In 2021, state Sen. Doug Mastriano (R., Franklin) introduced a bill that would have allowed any registered voter in the state to watch polls in any county. The bill also proposed that poll watchers be allowed within six feet of ballot-counting operations — another one of Trump’s goals — and went further. Mastriano proposed increased penalties for officials who were convicted of refusing to admit poll watchers; his bill would have allowed them to be sentenced to up to two years in prison, plus a $5,000 penalty.

The bill passed the state legislature, both chambers of which were led by Republican majorities at the time, but was vetoed by then-Gov. Tom Wolf, a Democrat.

Currently, there are no bills in the Pennsylvania legislature that would allow registered voters to serve as poll watchers for any county. There are, however, GOP-sponsored bills in both chambers that propose increasing penalties for impeding poll watchers. Neither has passed out of committee.

The misinformation about poll watching since 2020 has affected election directors’ jobs in various ways. While some say they haven’t had many issues with poll watchers, others say they noticed a major spike in watchers who are hostile or are attempting to monitor polls without county approval.

Lehman says that the impacts of the misinformation and confusion surrounding 2020 were most obvious during the 2022 statewide election.

“Before 2022, I only had to go out once or twice to a precinct ever to negotiate a difference of opinion between a poll watcher and a poll worker,” said Lehman. “Suddenly, I had to go to 10 to 12.”

Lehman thinks the crux of the issue was misinformation — poll watchers didn’t always know what they were and weren’t able to do, which resulted in conflicts between watchers and the poll workers running the precincts.

Jeff Greenburg, an election administration advisor at the good-government group Committee of Seventy and former election director, hopes to help solve that issue. He runs information sessions for the organization that educate potential poll watchers about their role.

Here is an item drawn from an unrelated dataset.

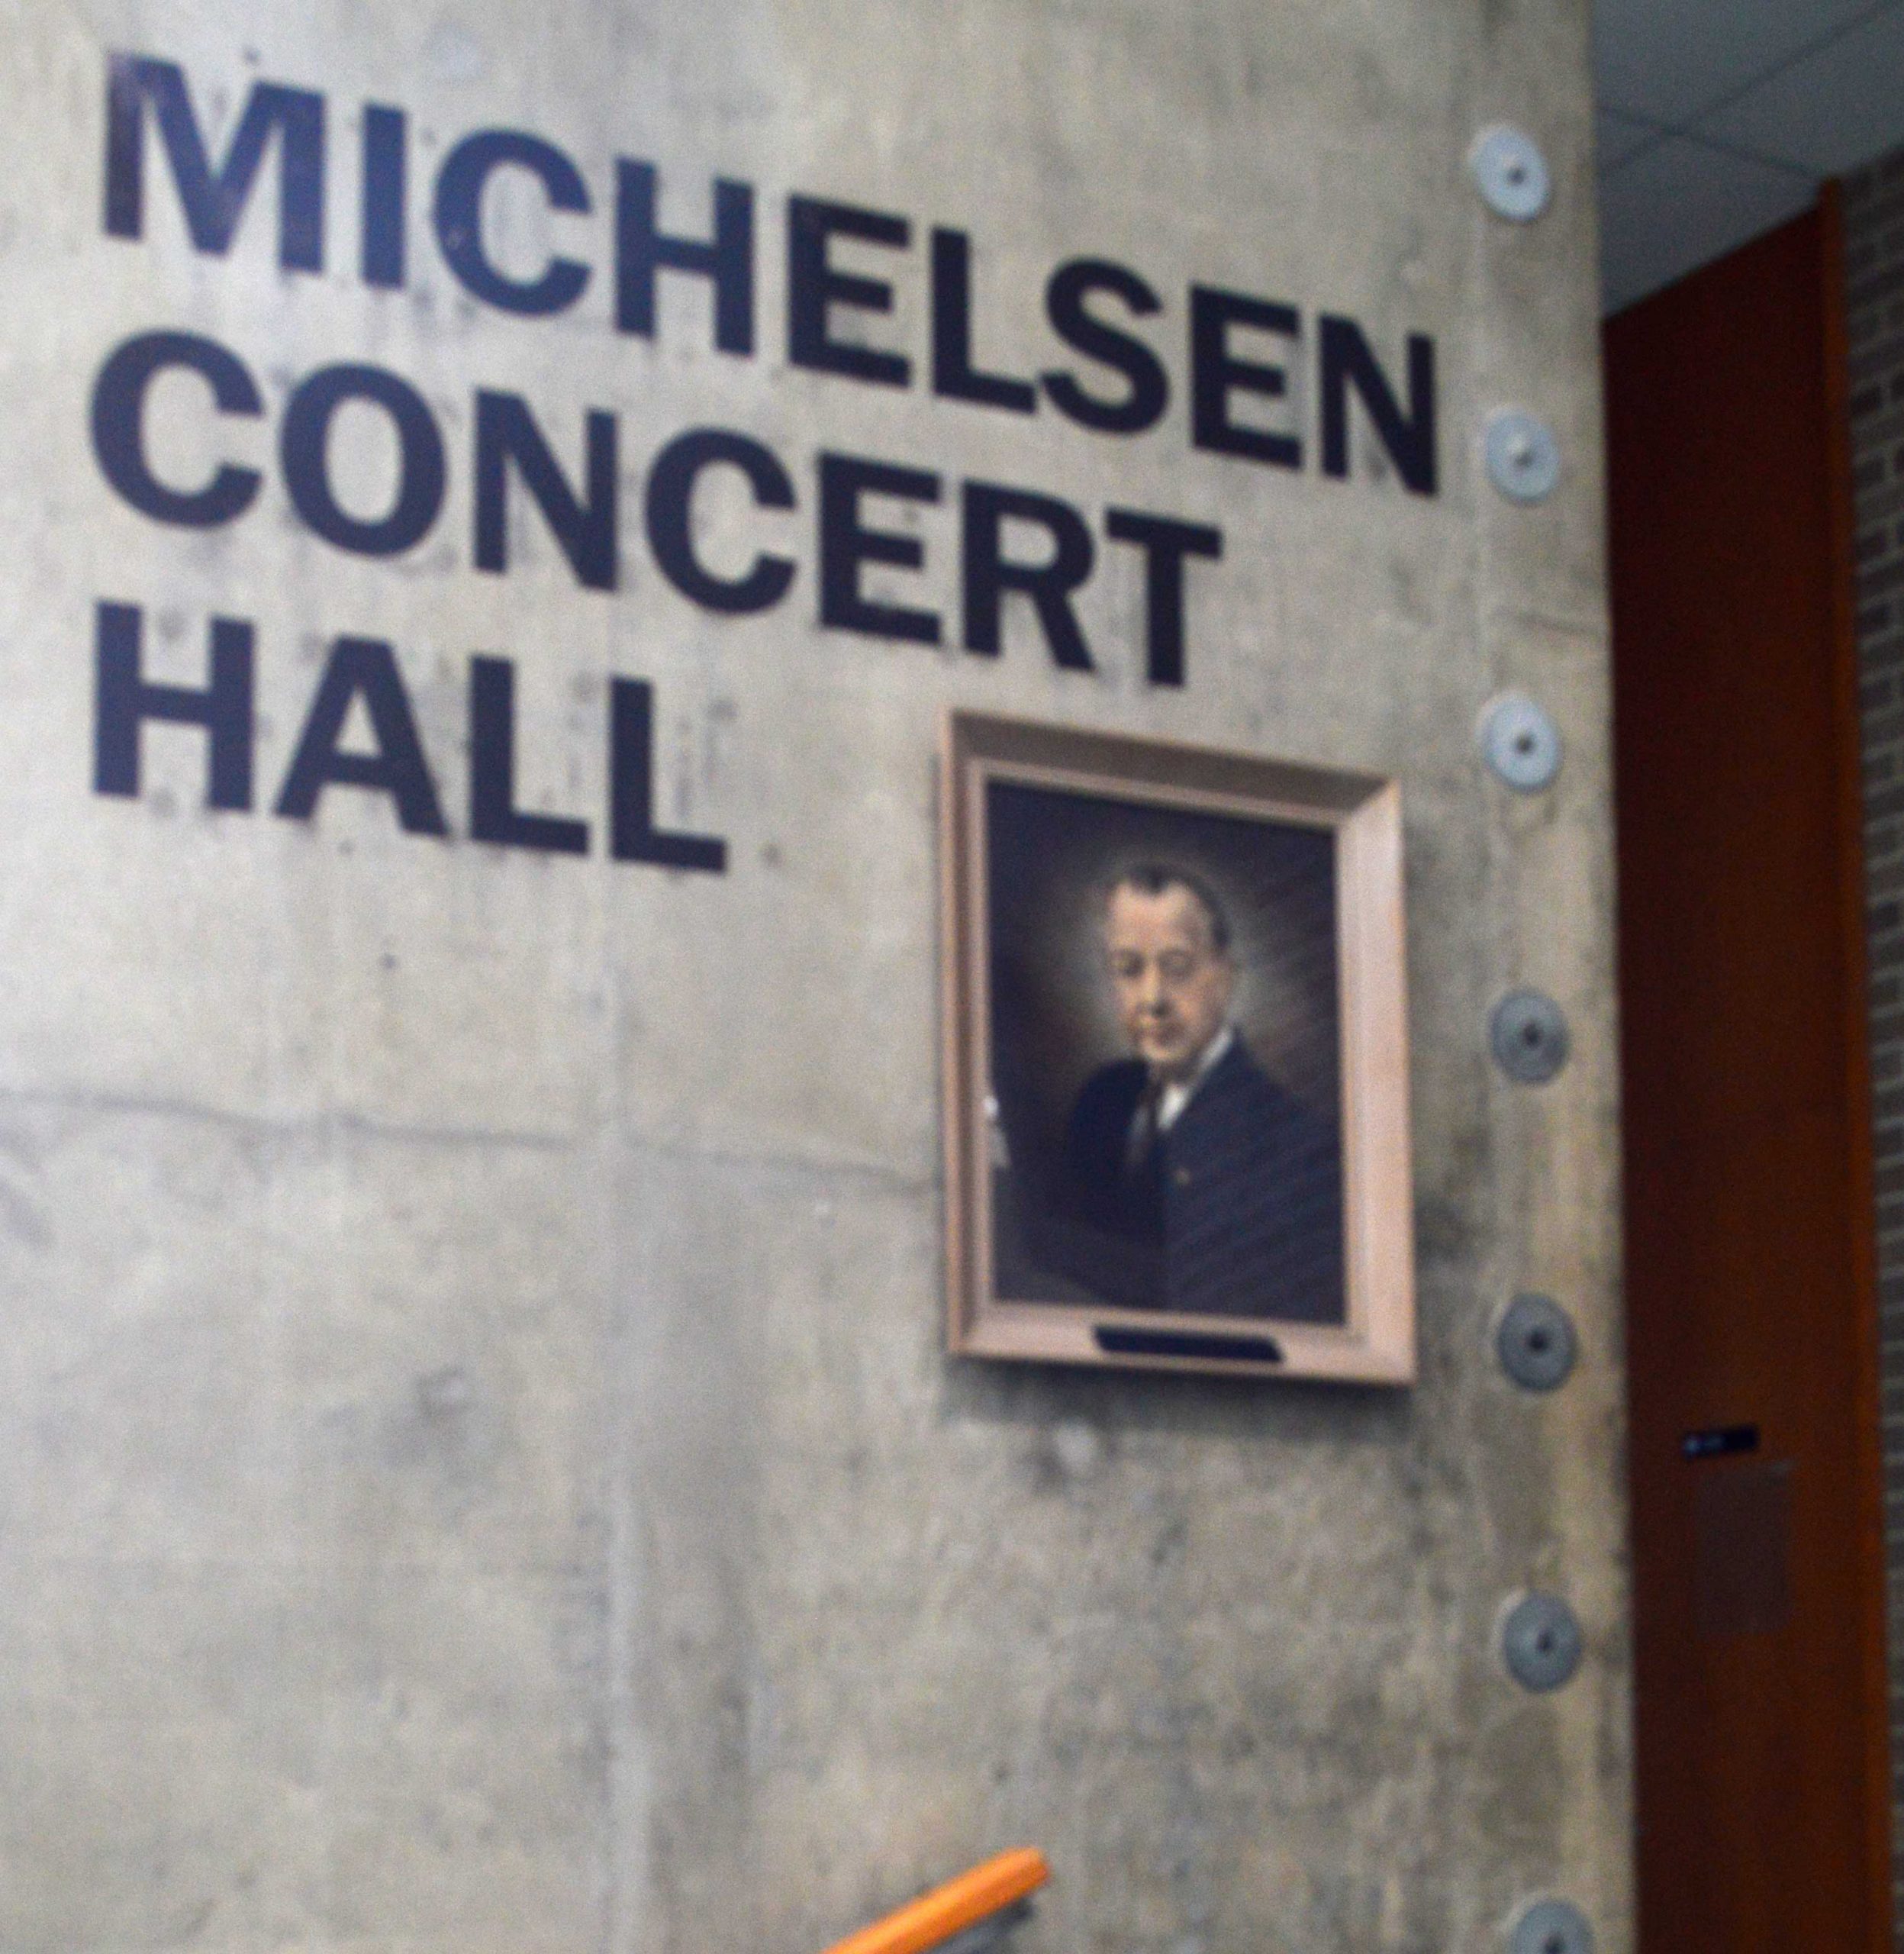 UWSP Michelsen Hall

“I know that the landscape has changed significantly since 2020. But nothing has changed as when it comes to the laws and rules surrounding poll watchers in Pennsylvania,” Greenburg said. “That was something I never worried about as a director, but something I would strongly consider now.”

Some election directors go beyond education to make poll watchers trust the voting process. Mercer County election director Thad Hall assigns bipartisan teams of poll watchers in precincts, working with state parties and candidates to organize them. Hall says that while that practice is not required, he believes it increases confidence in the results.

The current and former election directors who spoke with Spotlight PA all say that they are hopeful about the upcoming election. They emphasize that poll watchers are an important part of the election process, and that their presence increases trust in election results.

“In 2022, we were really caught off guard by the adversarial stance. Since then we’ve clarified the rules and the policies substantially,” said Lehman, noting that his county now provides poll watcher training materials.

“They’re a legitimate part of the process, they have an important role to play in making sure the process is transparent,” he added. “But there are limitations on watchers’ conduct that they need to be aware of and respect.”